- Exercise inputs -
******
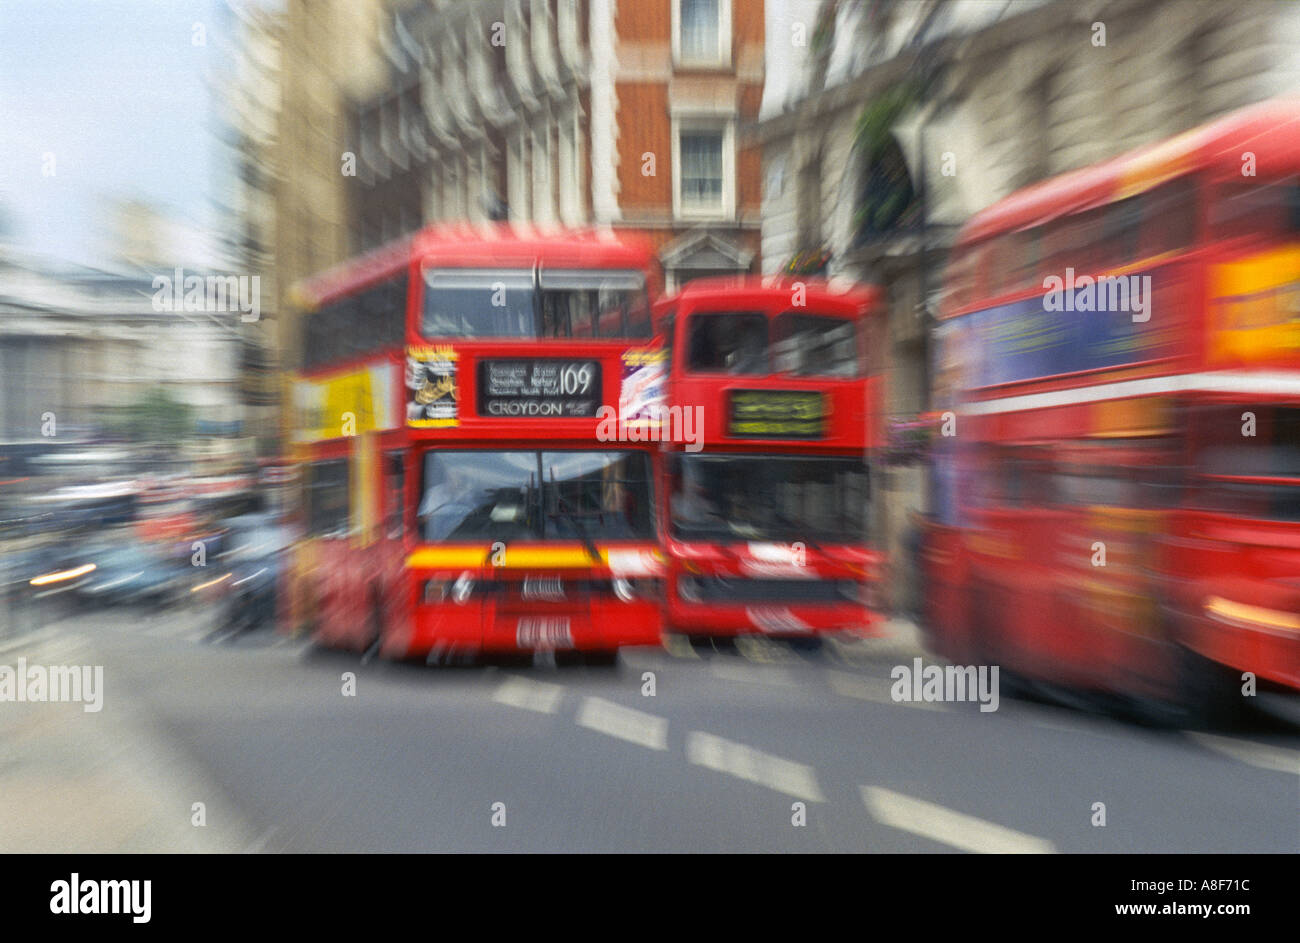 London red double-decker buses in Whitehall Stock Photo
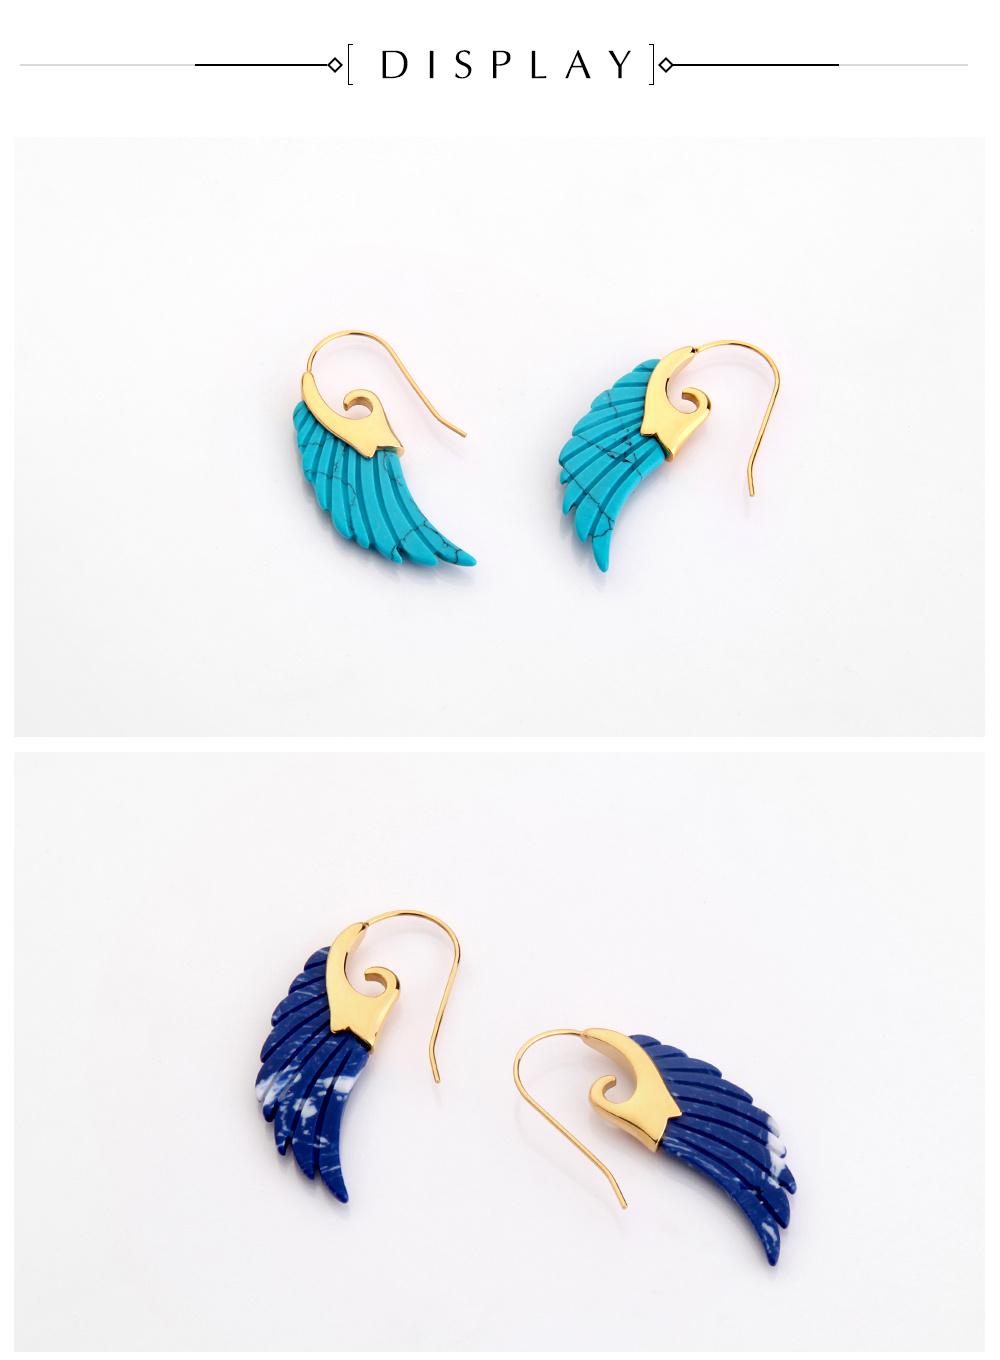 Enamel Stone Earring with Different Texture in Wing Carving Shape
******
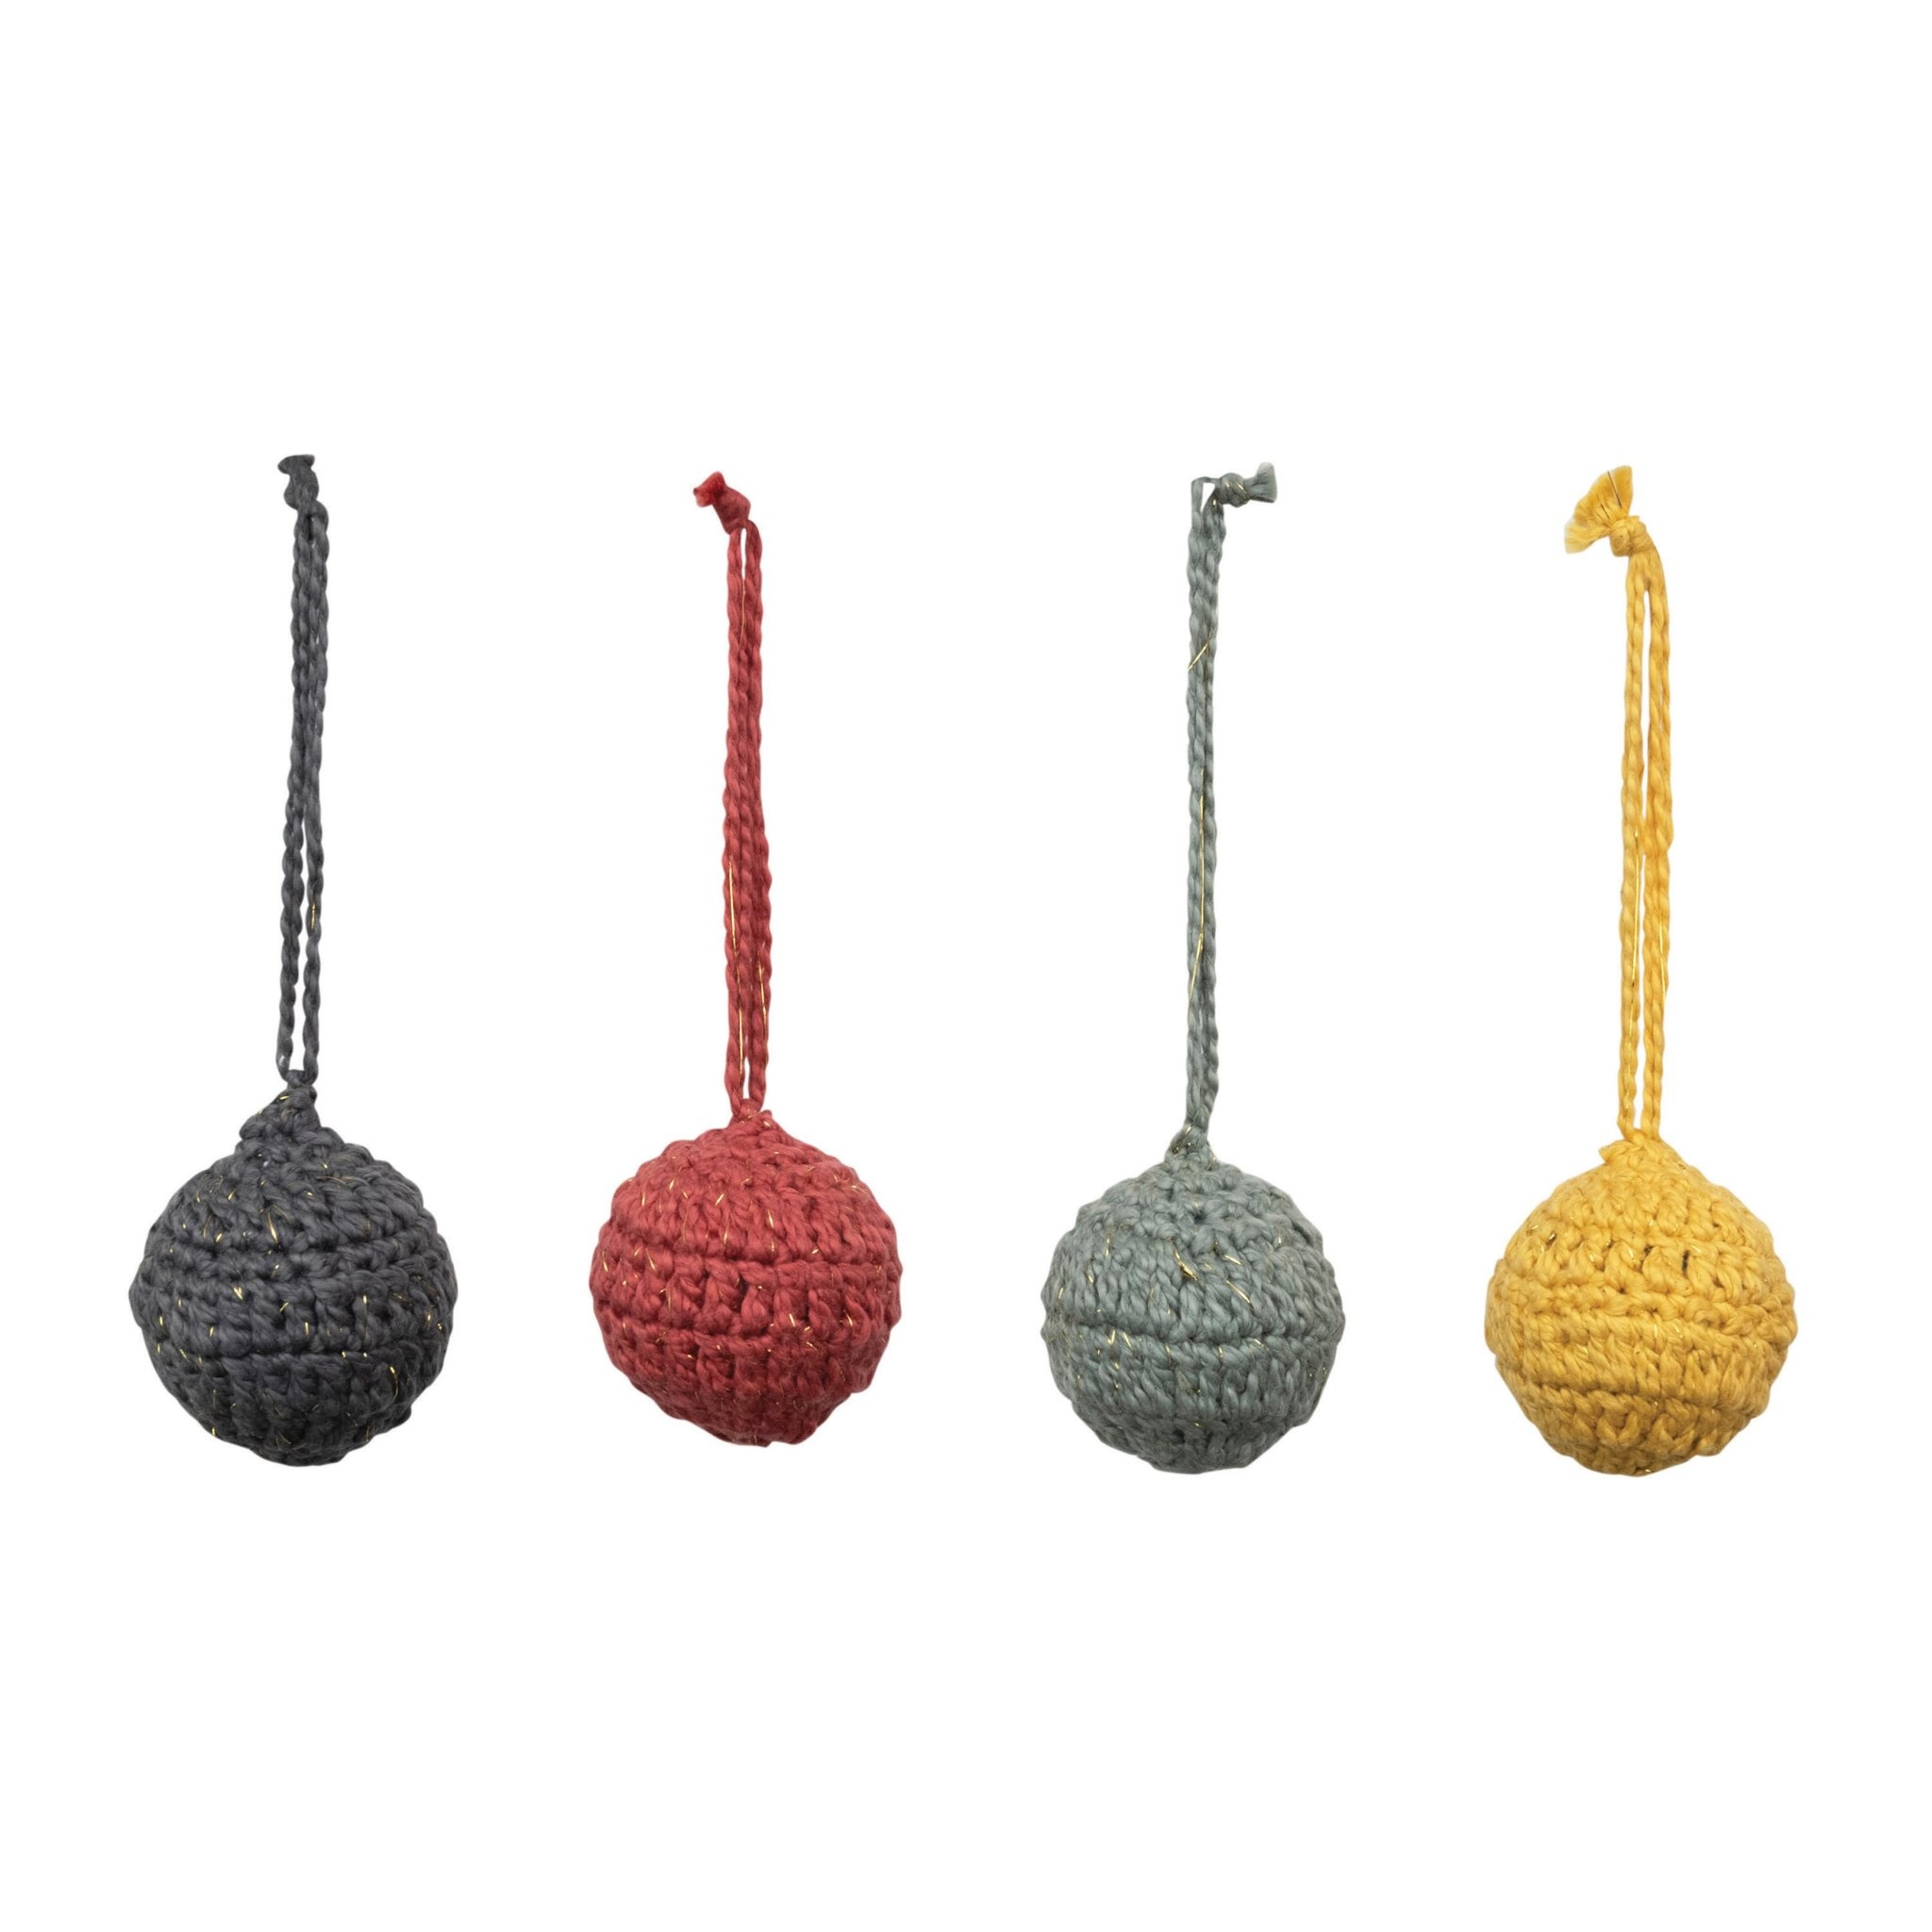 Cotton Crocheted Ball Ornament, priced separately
******
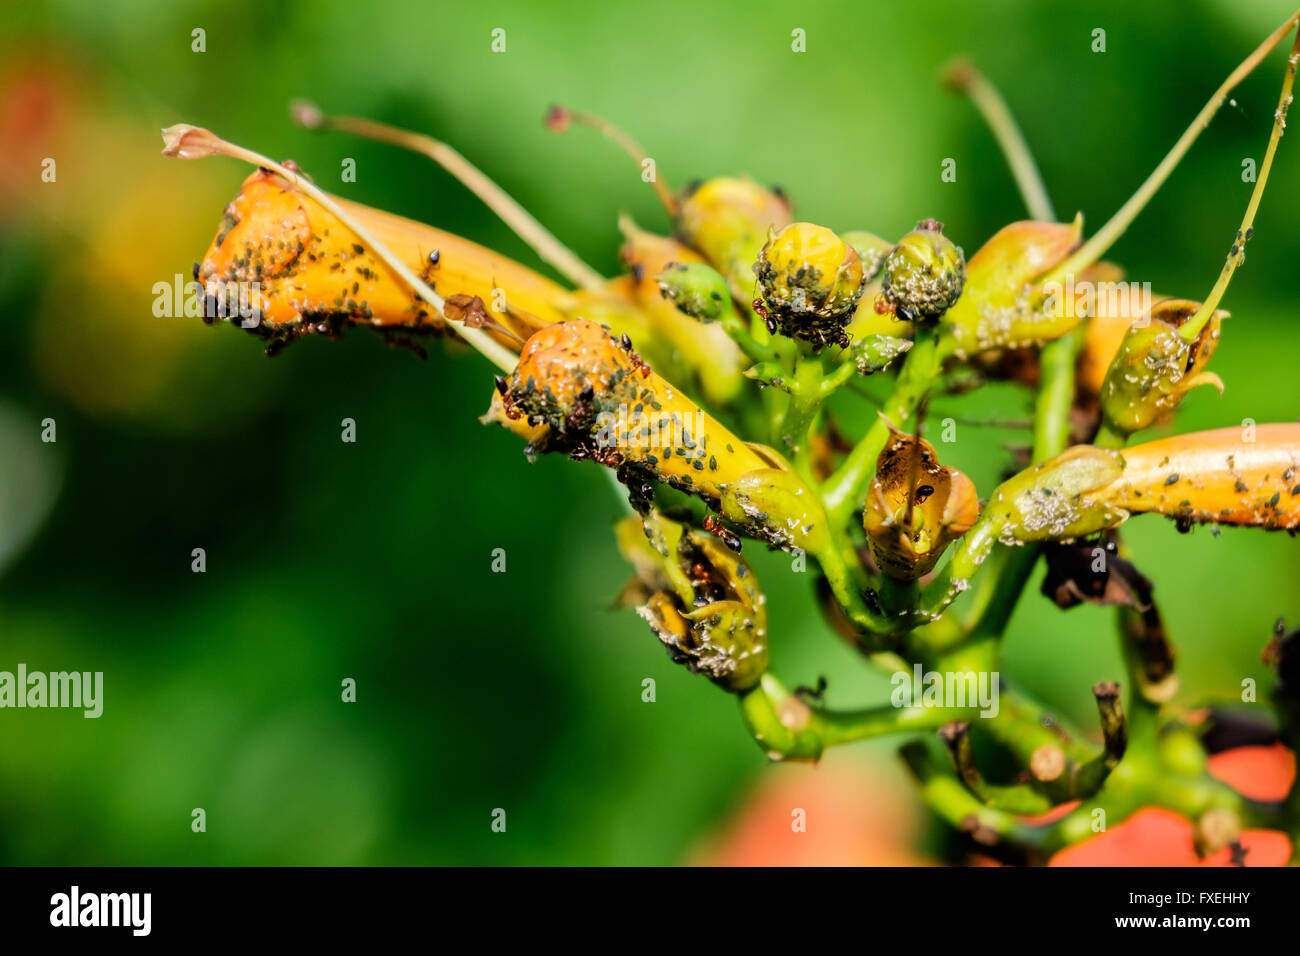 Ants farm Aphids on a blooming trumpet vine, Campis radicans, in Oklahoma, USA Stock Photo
******
- Task directions -
Using the data above, transcribe exactly the lines between those containing "London red double-decker" and "Enamel Stone Earring", inclusive, and leave every picture behind.

- Worked solution -
 London red double-decker buses in Whitehall Stock Photo
 Enamel Stone Earring with Different Texture in Wing Carving Shape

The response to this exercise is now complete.